Dead Rising 3 does, however, promise a heady dose of vehicular combat, and we get to see this in action. It looks like mad, Redneck Rampage fun, but the game as a whole looks like a cross between Resident Evil and the aforementioned Walking Dead, as opposed to the shopping mall-bound Dead Rising instalments of old.

John Mamais shows off Witcher 3: Wild Hunt, which looks truly stunning. However, is this an Xbox One exclusive? It seems not, which is odd, given Microsoft prefaced the conference by saying they would unveil games exclusive to their console. We’re promised over 100 hours of non-linear story. It’s hard to argue against more Witcher goodness.

Patrick Soderlund from EA is left red-faced as the audio fails to work for a second time, this time as Battlefield 4 is unveiled. Not that you really need a sonic accompaniment to this game: the visuals are so stupefying it would work as a silent experience on its own. Battlefield 4 truly looks like a game to wrench away the FPS crown from the ever-popular Call of Duty.

Below is next, which looks like a platformer, but very little is demoed. Then we hear about a new development studio, Black Tusk, which, from their Vancouver setting, is worked on something rather special. The trailer frustratingly reveals very little, other than a black-clad figure entering a high-rise apartment as fireworks blaze a trail through an inky night sky.

Oh… hello. A space-opera setting. A cloaked figure. The 22nd century Aladdin?
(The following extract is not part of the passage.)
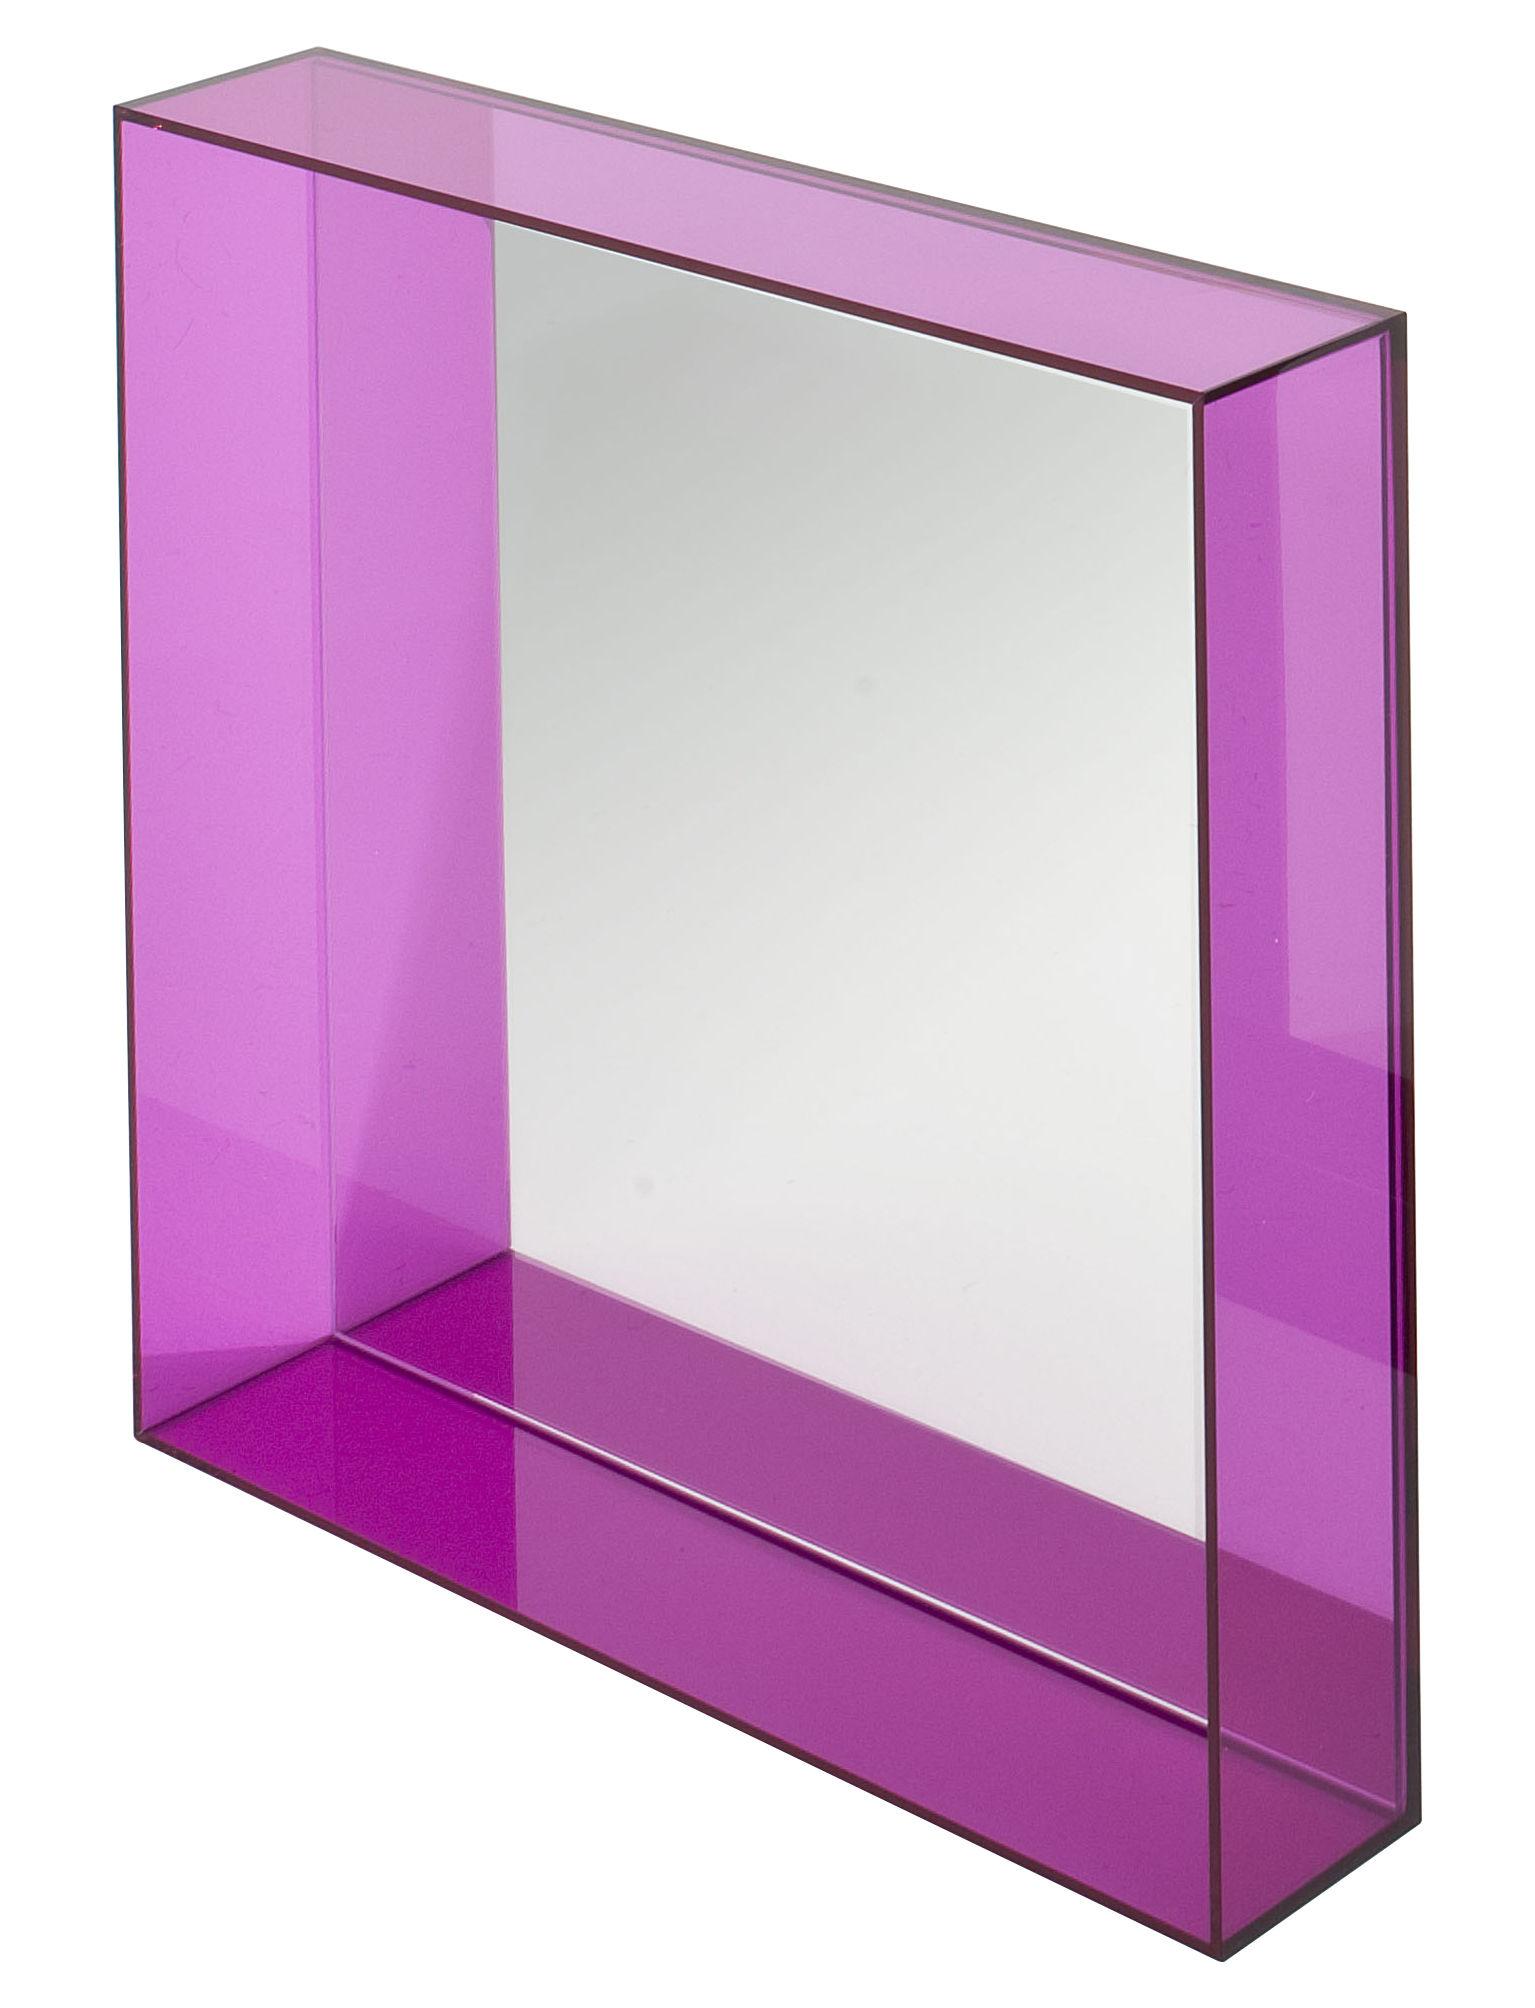 Accessoires - Accessoires für das Bad - Only me Wandspiegel / L 50 cm x H 50 cm - Kartell - Fuchsia - PMMA

The figure walks forward to be met by a massive, hulking beast that sends the wind gusting towards the cloaked man. His hood falls off to reveal a very familiar mask… it’s Master Chief! The game is entitled Halo for now, and this is one of the cleverest reveals of them all.
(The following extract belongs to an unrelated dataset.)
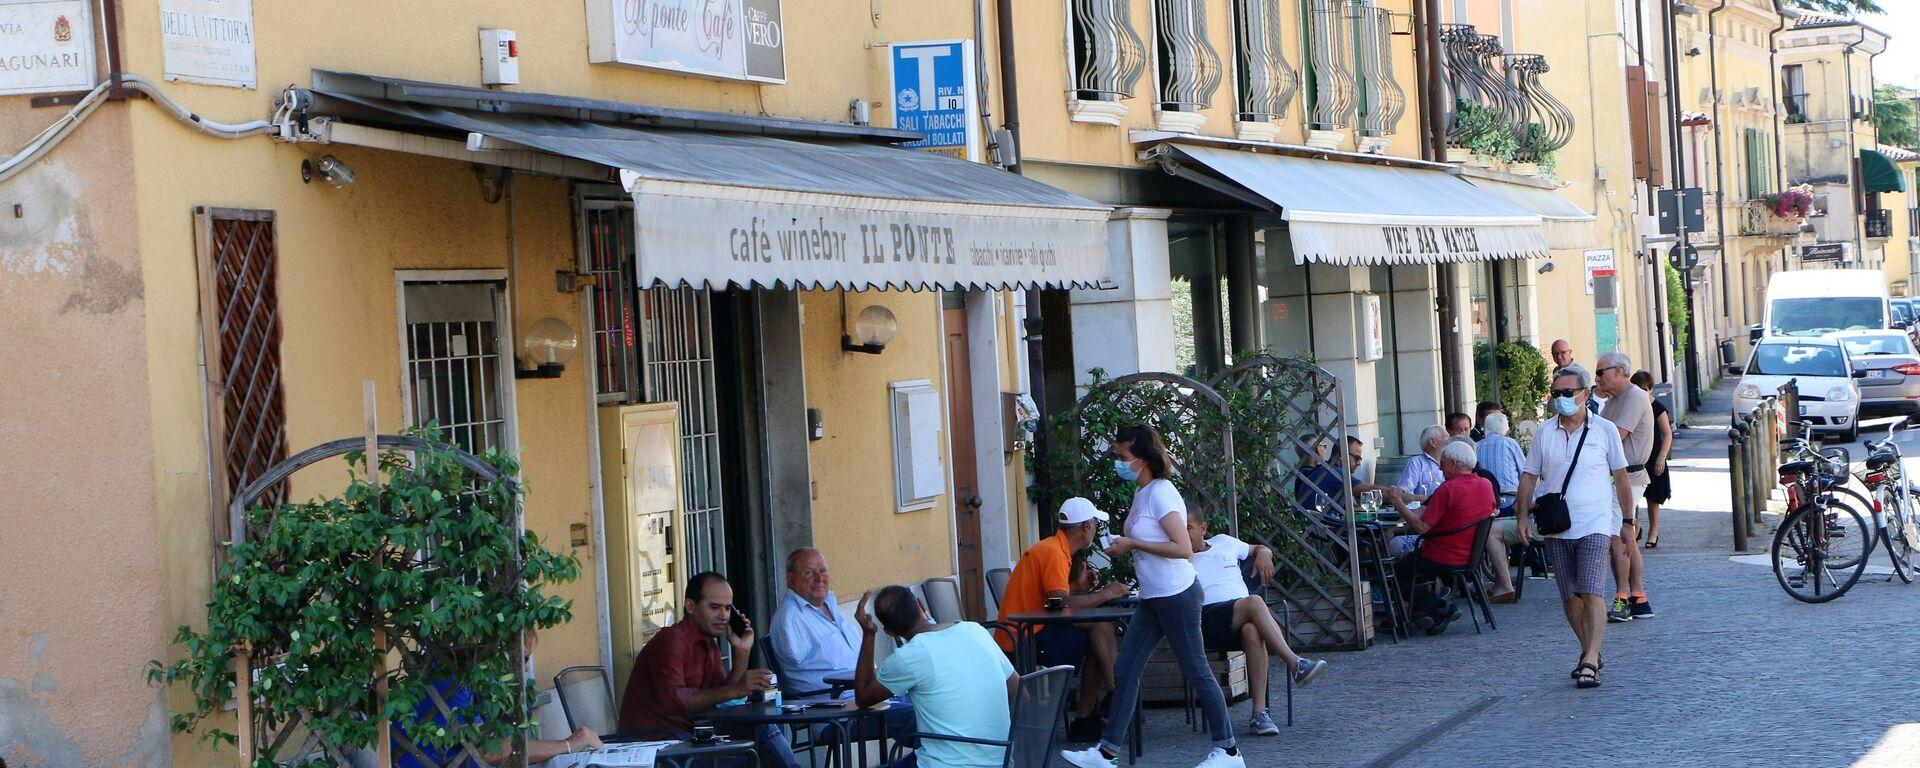 La gente al bar in Italia - Sputnik Italia, 1920, 07.06.2021

One more exclusive is left. Respawn Entertainment shows off Titanfall, a multiplayer FPS that looks fast, fun and frenetic. You can commandeer Titans that fall from the sky: think of them as mechs. You can eject from one, as the demo shows, and swoop into the air, before tackling an enemy Titan. It looks mightily impressive. Commandeering a mech, you can catch bullets a la the mech from District 9, and also let rip on ground-level as a simple infantry soldier. It’s mixing a Sci Fi setting with technical wizardy, and it looks like a lot of fun, if a little derivative.

The price ain’t right

Last of all, we hear that the Xbox One will cost US$499 dollars, or £429, and will release in November in 21 regions.  The price elicits a grumble or two in the comments stream.
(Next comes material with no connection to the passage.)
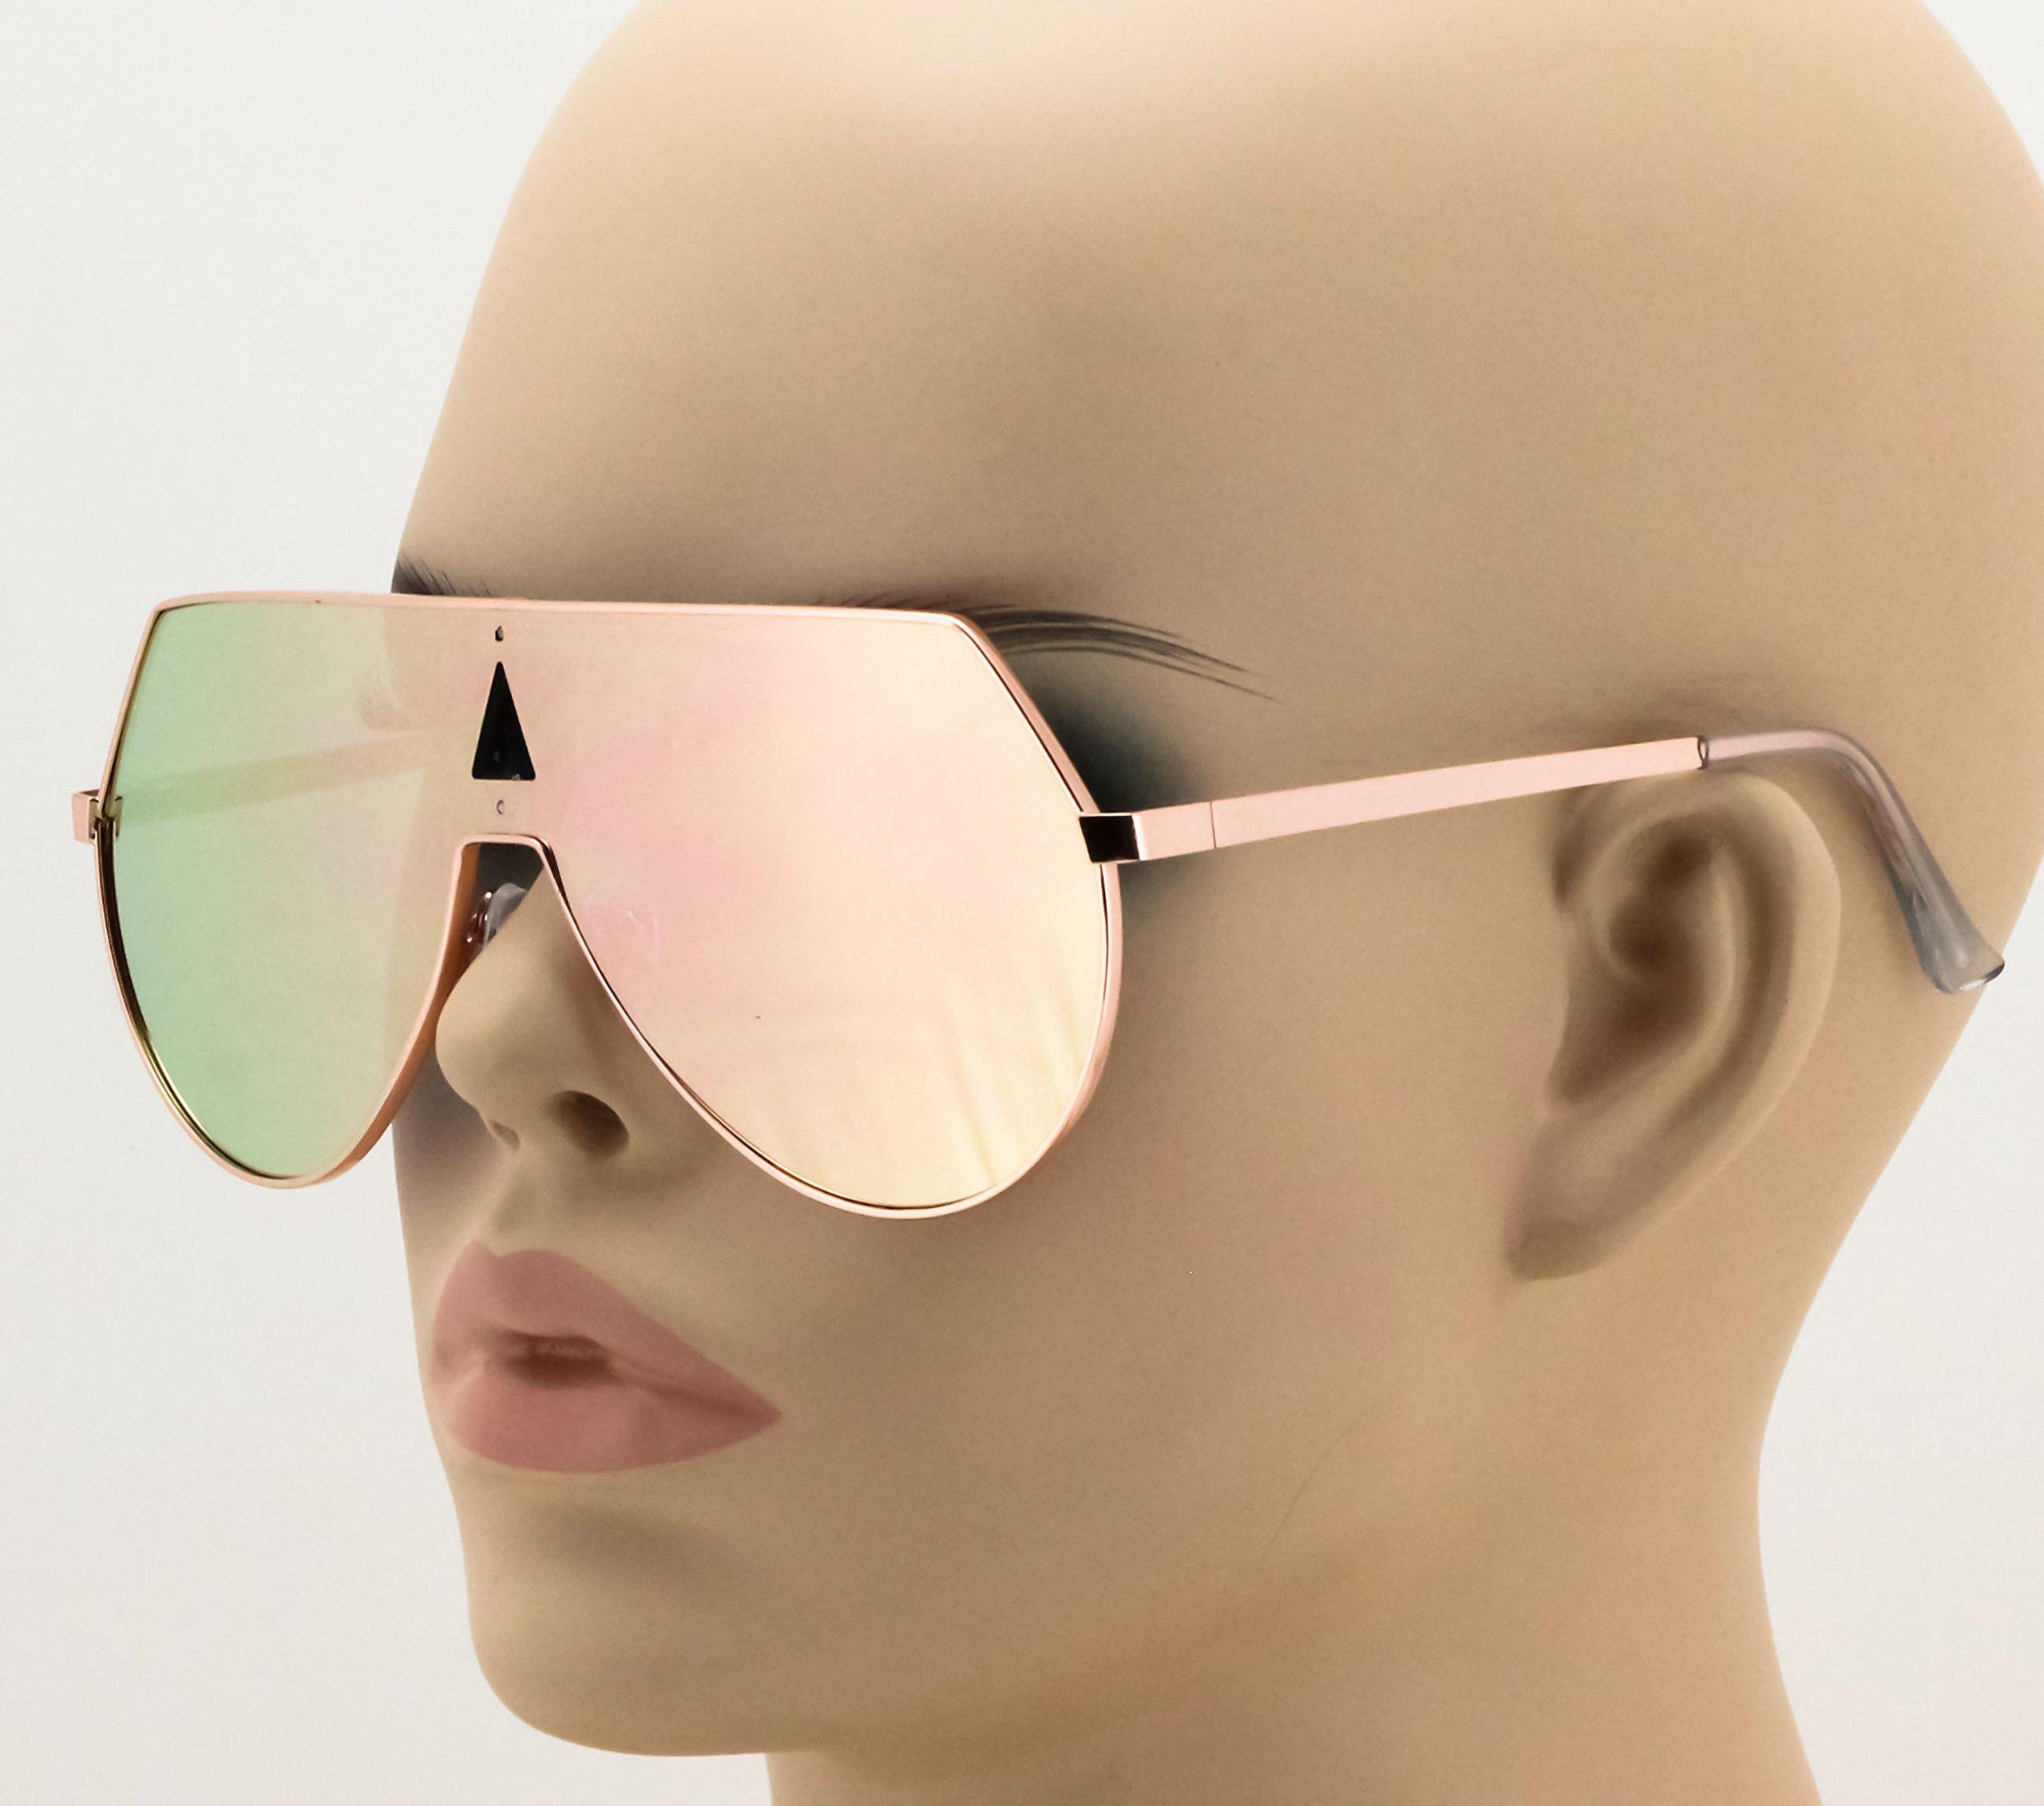 Elite Oversize Unisex Flat Top Aviator Retro Shield Mirrored Lens Rimless Sunglasses (Rose Pink Mirror, 5.8) by EliteGlasses (Image #2)

And then it’s over. Kudos to Microsoft for showing us the games they’re readying for their launch window, but barring Ryse, which demoed five minutes of in-game action, not a great deal was shown off. D4, courtesy of Swery 65, is sure to cause a stir though, and there’s enough meat to the presentation to mean it wasn’t a failure. It wasn’t entirely a success either, thanks to the audio hiccups, but next-gen gaming looks like it’ll be an exciting pursuit come November.